Serbian writer, literary critic and politician

Miodrag Perišić (Миодраг Перишић; 31 July 1948 – 6 May 2003) was a Serbian writer, literary critic and politician.

He was one of the founders and a vice-president of the Serbian modern-day Democratic Party, the first Minister of Information of the Federal Republic of Yugoslavia and the country's ambassador to Canada from 2001 until his death in May 2003.

==Biography==
Although born in Subotica, Perišić completed primary and secondary school education in Belgrade. He received a BA degree in philosophy at Belgrade University's faculty of arts and sciences, department of philosophy. During his studies he participated in editing and publishing of the journals Student and Vidici, and later worked as editor of the journal Književna reč (Literary Word). Perišić freelanced until 1978 when he started to work as secretary of the Ivo Andrić Foundation in Belgrade until 1984. From 1984 to 1992 he was editor-in-chief of the journal, Književne novine (Literary Gazette). He was an active member in the Serbian PEN Centre and a vice president of the International PEN, the worldwide association of writers.

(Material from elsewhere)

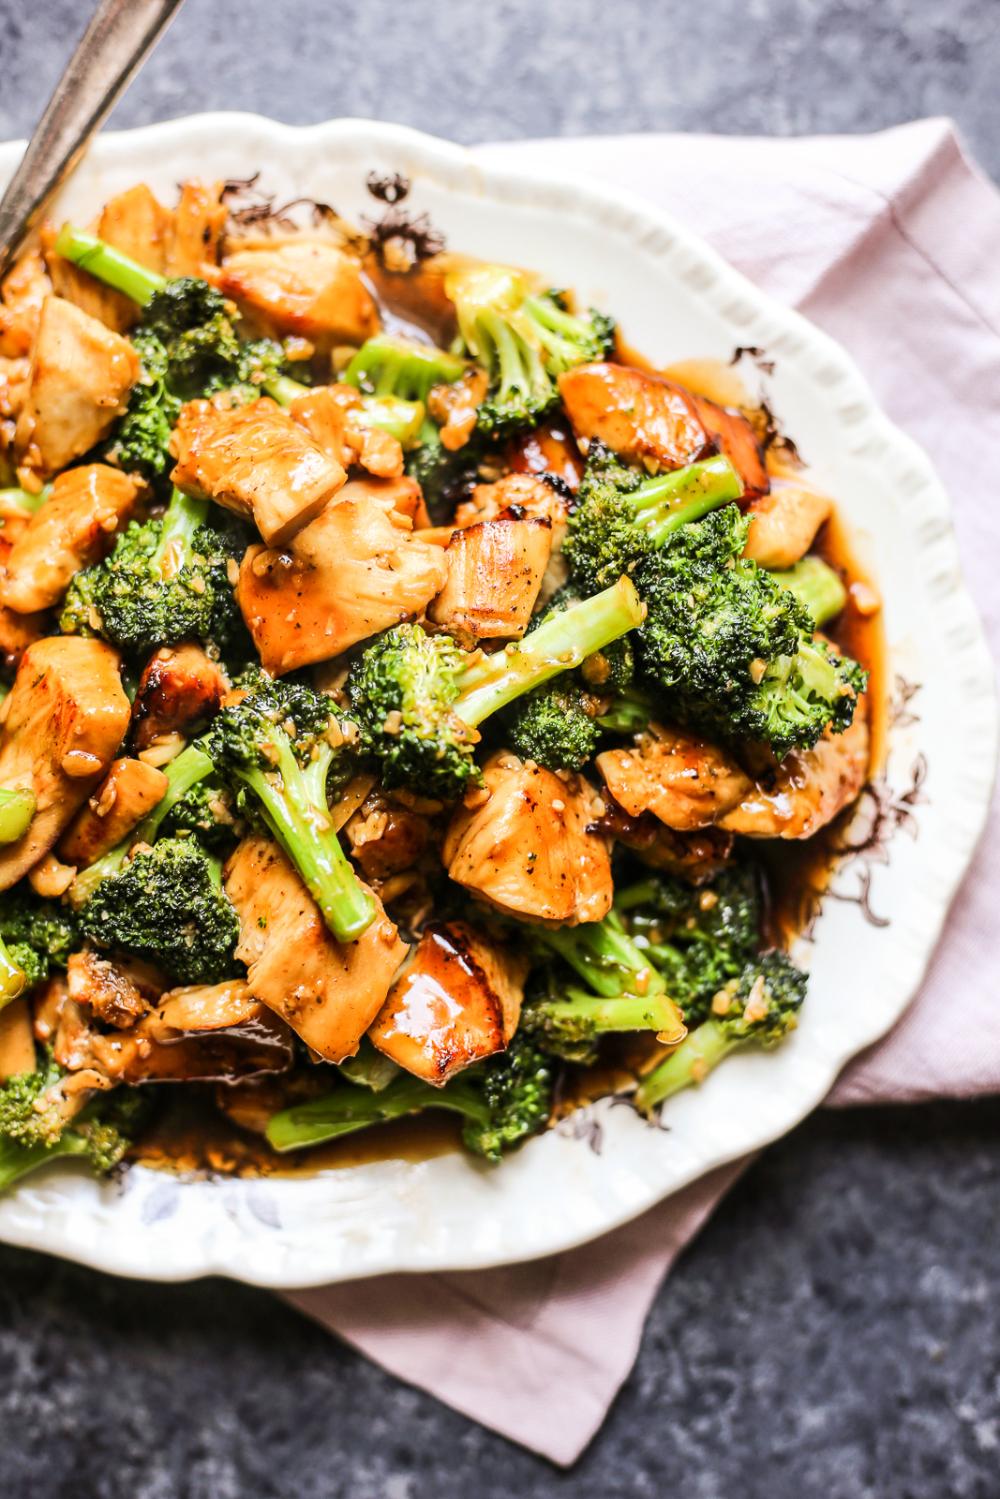 Chicken and Broccoli Recipe Whole food recipes

In fall 1991, Perišić was a guest of the Hoover Institution on War, Revolution and Peace at the University of Stanford (California). In fall and winter 1991-92 he was a guest at several universities in United States and gave lectures about roots of Yugoslav crisis, role of the intellectuals, and causes of SFR Yugoslavia's disintegration. In November and December 1999, he visited the John F. Kennedy School of Government and gave lectures at William Howard Taft University.

Perišić authored several books, and published anthology of modern Serbian poetry. His latest book was Razvaline ideološkog raja (The Ruins of Ideological Paradise), published in 1995.

==Political career==
With a group of like-minded activists, including Zoran Đinđić and Vojislav Koštunica, Perišić re-established the Democratic Party in Serbia in 1989. In summer 1992 he was elected as a member of the first Federal Government of the Federal Republic of Yugoslavia as the Minister of Information in the Cabinet of Milan Panić. In the same year, he was elected as the Democratic Party representative in the Federal Parliament. From 1994 to 2000 he was a Vice President of the Democratic Party, and in the period from 1996 to 2000 he was a federal representative elected by the Coalition "Zajedno" ("Together").

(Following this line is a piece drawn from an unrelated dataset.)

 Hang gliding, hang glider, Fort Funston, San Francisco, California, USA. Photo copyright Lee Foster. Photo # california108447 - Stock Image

Perišić co-founded the Council for Democratic Changes in Serbia, a non-governmental organization where he was the president of the Political Committee until December 2000. On 5 October 2000, he was among the citizens who welcomed the overthrow of Slobodan Milošević on the stairway of the Federal Parliament building. He was appointed an Ambassador of FR Yugoslavia in Ottawa, Canada in 2001, where he was highly appreciated by the Serbian immigration, working steadily on greater interconnectedness of the diaspora and its integration into political and social life of Serbia and Montenegro.

Former Foreign Minister Goran Svilanović emphasized that Perišić "with his dignity of an intellectual, had opened many doors which for others had been closed, in such a way succeeding to bring one small country, as it is Serbia and Montenegro, into the society of the great".

==Family==
He was married to the former Žaneta Đukić; the couple had twin daughters.

==Death==
Perišić died of a heart attack on a treadmill during a workout at the University of Ottawa, one month short of his two-year mandate. He was 54 years old. He is interred in the Belgrade New Cemetery.